Barnum was extraordinary at hyping up anything. He could take a seemingly ordinary object and create an amazing back story. He would then feed that story to the press and get droves of people to show up.
When Barnum was younger there were certain times where he let the hype go overboard. By overhyping he lost some credibility with the public and the press. Fortunately for him he was very good at delivering on the hype and getting credibility back.
Delivering on the Hype
I don’t think it’s right to hype or advertise something where you can’t meet or exceed the customers expectations. For the purpose of this article, the word hype and promoting/advertising are one and the same. If you can’t delivery on your promises, don’t hype it.
Here is the interesting part ... I’ve seen more instances of great events not being hyped enough as opposed to over hyped. I honestly think too many events fail because they don’t advertise or promotion enough. Not because the event wasn’t well planned or well executed. If you haven’t already, please read “The Danger of Free Event Thinking.”

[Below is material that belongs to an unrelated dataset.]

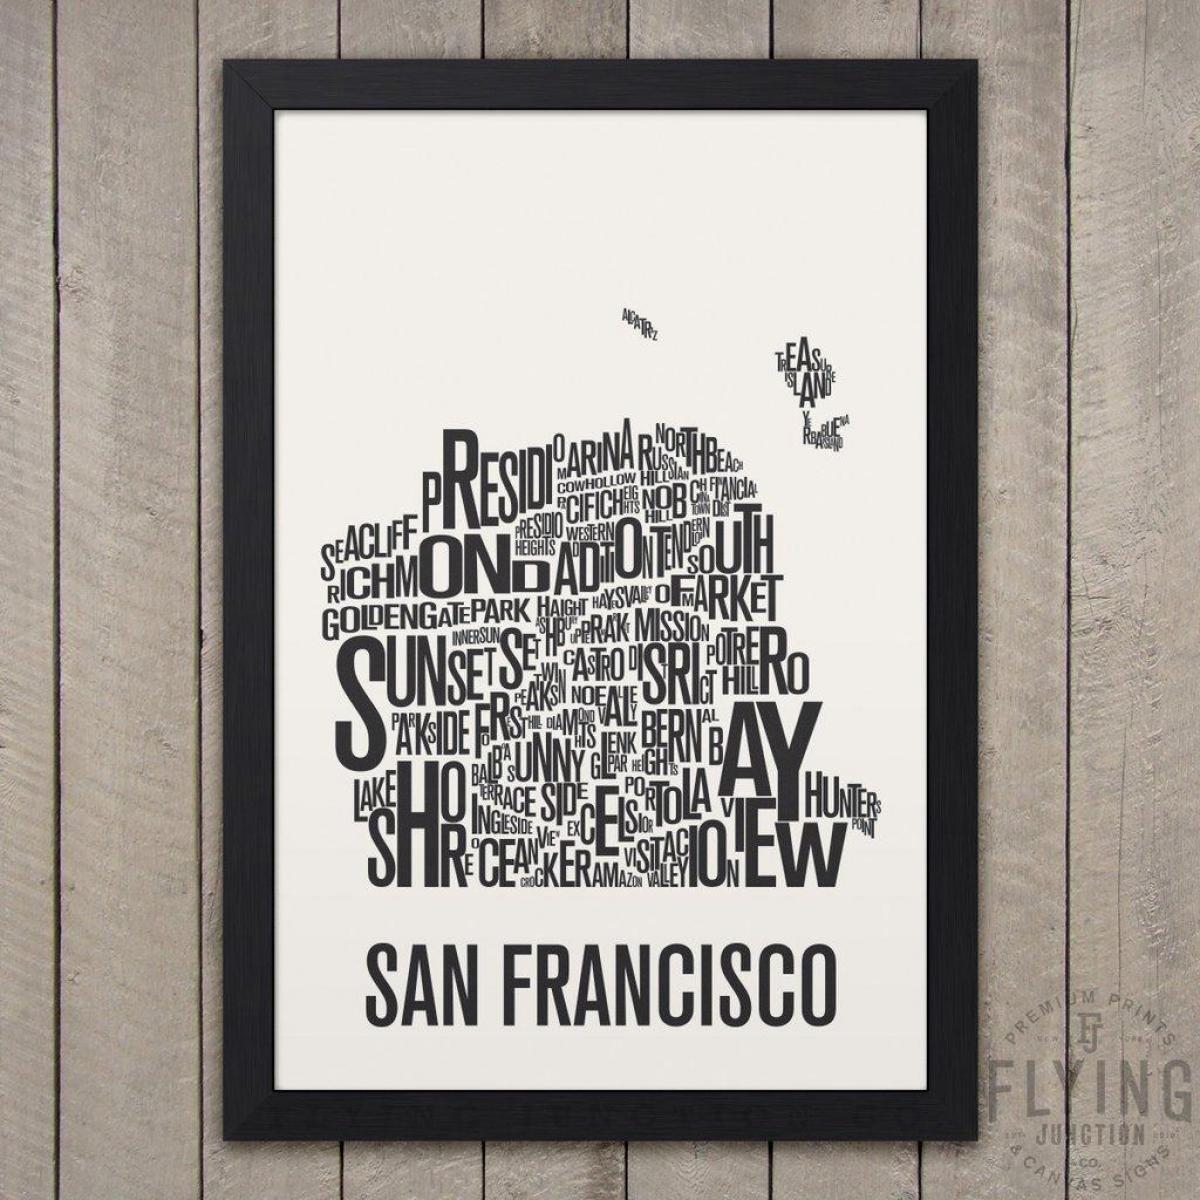 San Francisco სტამბა რუკა

Barnum's Never Said "There's a Sucker Born Every Minute." But, he did say and believe this ...
“It is of no advantage to advertise unless you intend to honestly fulfill the promises made in this manner.”
(Barnum Quote - Vitale, p. 103, There’s a Customer Born Every Minute)

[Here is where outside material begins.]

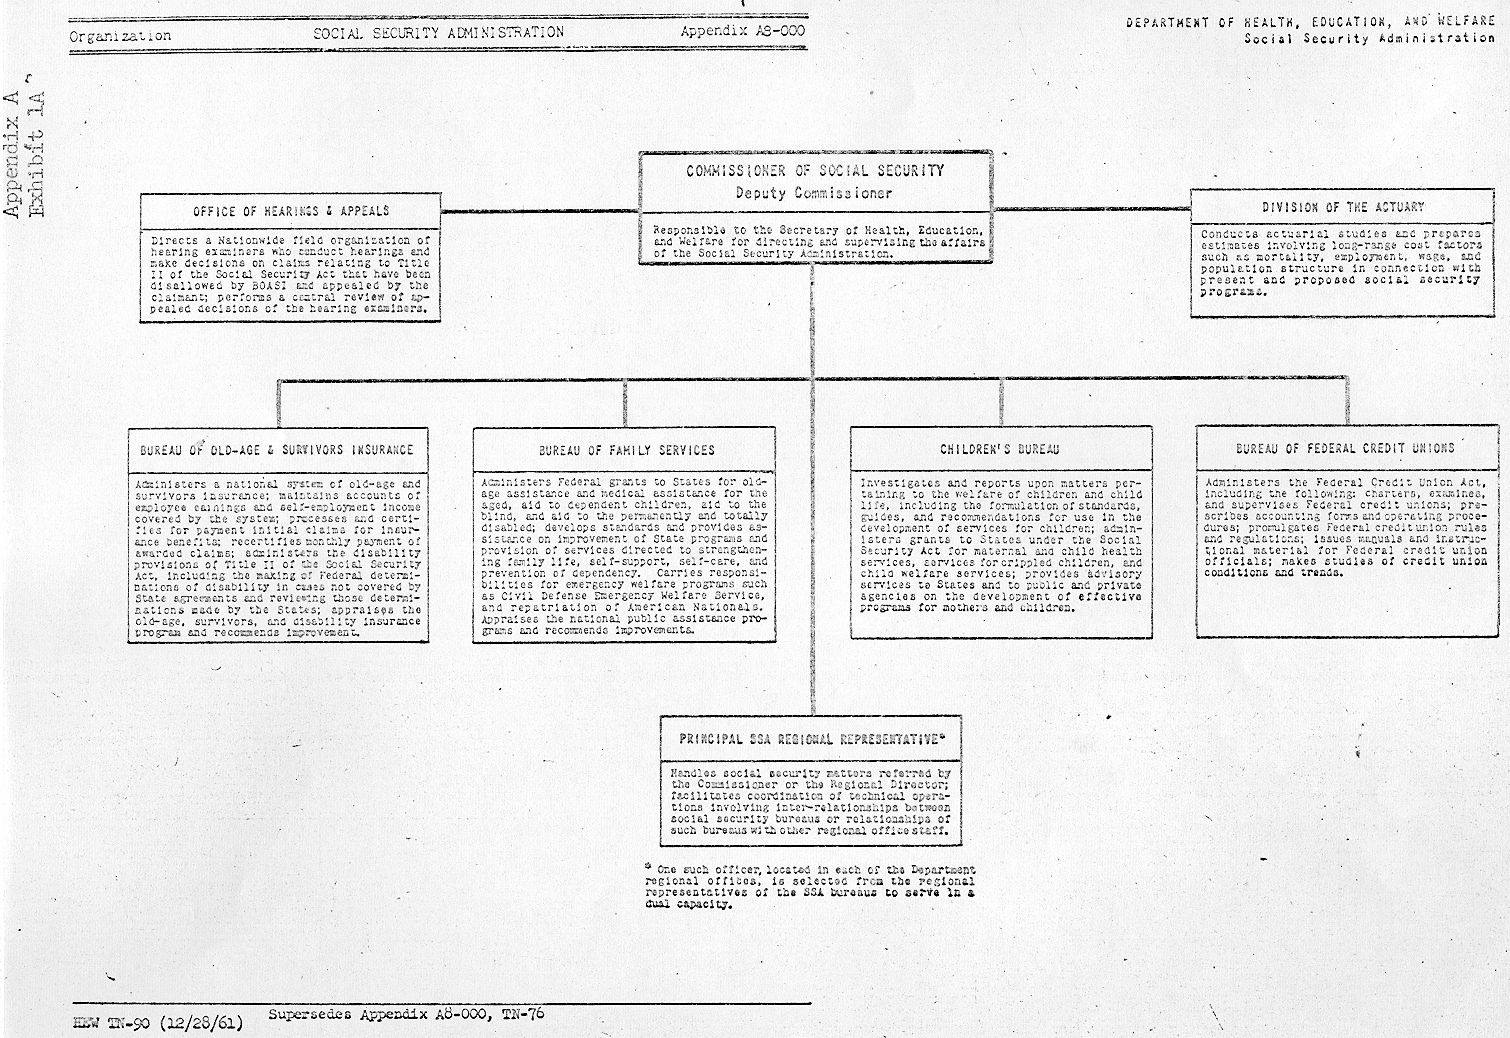 SSA org chart 1961

He's some important information on one of the most mis-quoted (being that he never said it) lines in history ... The Real Story Behind, "There's a Sucker Born Every Minute."
The Movie Analogy
I think movies are a bit analogous with events. Studios spent a ton of money hyping up their movies. They inundate the market with everything from trailers, to interviews, news coverage, cross promotions, etc.

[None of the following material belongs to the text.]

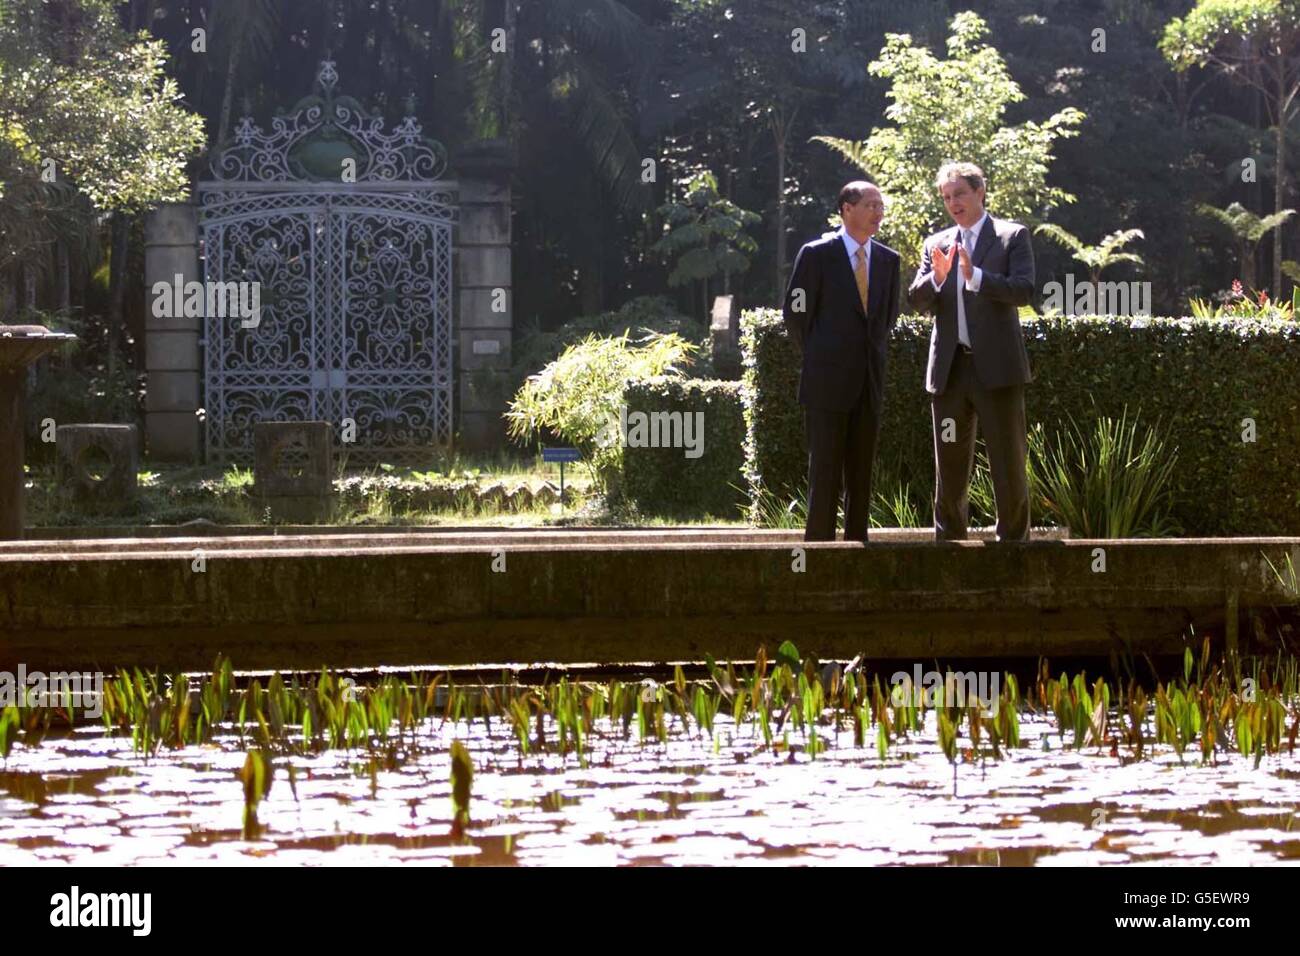 Der britische Premierminister Tony Blair (rechts) und der Gouverneur des Bundesstaates Sau Paulo, Dr. Geraldo Alckmin, während eines Besuchs im Botanischen Garten in Sau Paulo, Brasilien. Bei seiner Ankunft wurde Blair von Greenpeace-Aktivisten begrüßt, die gegen die Globalisierung protestierten. TBSA Stockfoto

There is a popular notion that you can get attention by creating more noise than the other person. It’s just a casual observation, but I’ve NEVER heard any of my friends say “That movie was awesome, but they hyped it up way too much.” When a movie doesn’t meet or exceed the public’s expectations, people usually say, “that movie was way over hyped.” The movie analogy is directly applicable to events.
You can never over hype a truly great event that is well planned, well executed, and gives the event attendee EXACTLY what they want ... That's a formula for event success!
If you’re an event organizer or promoter, you owe it to yourself and your audience to hype your event as much as possible.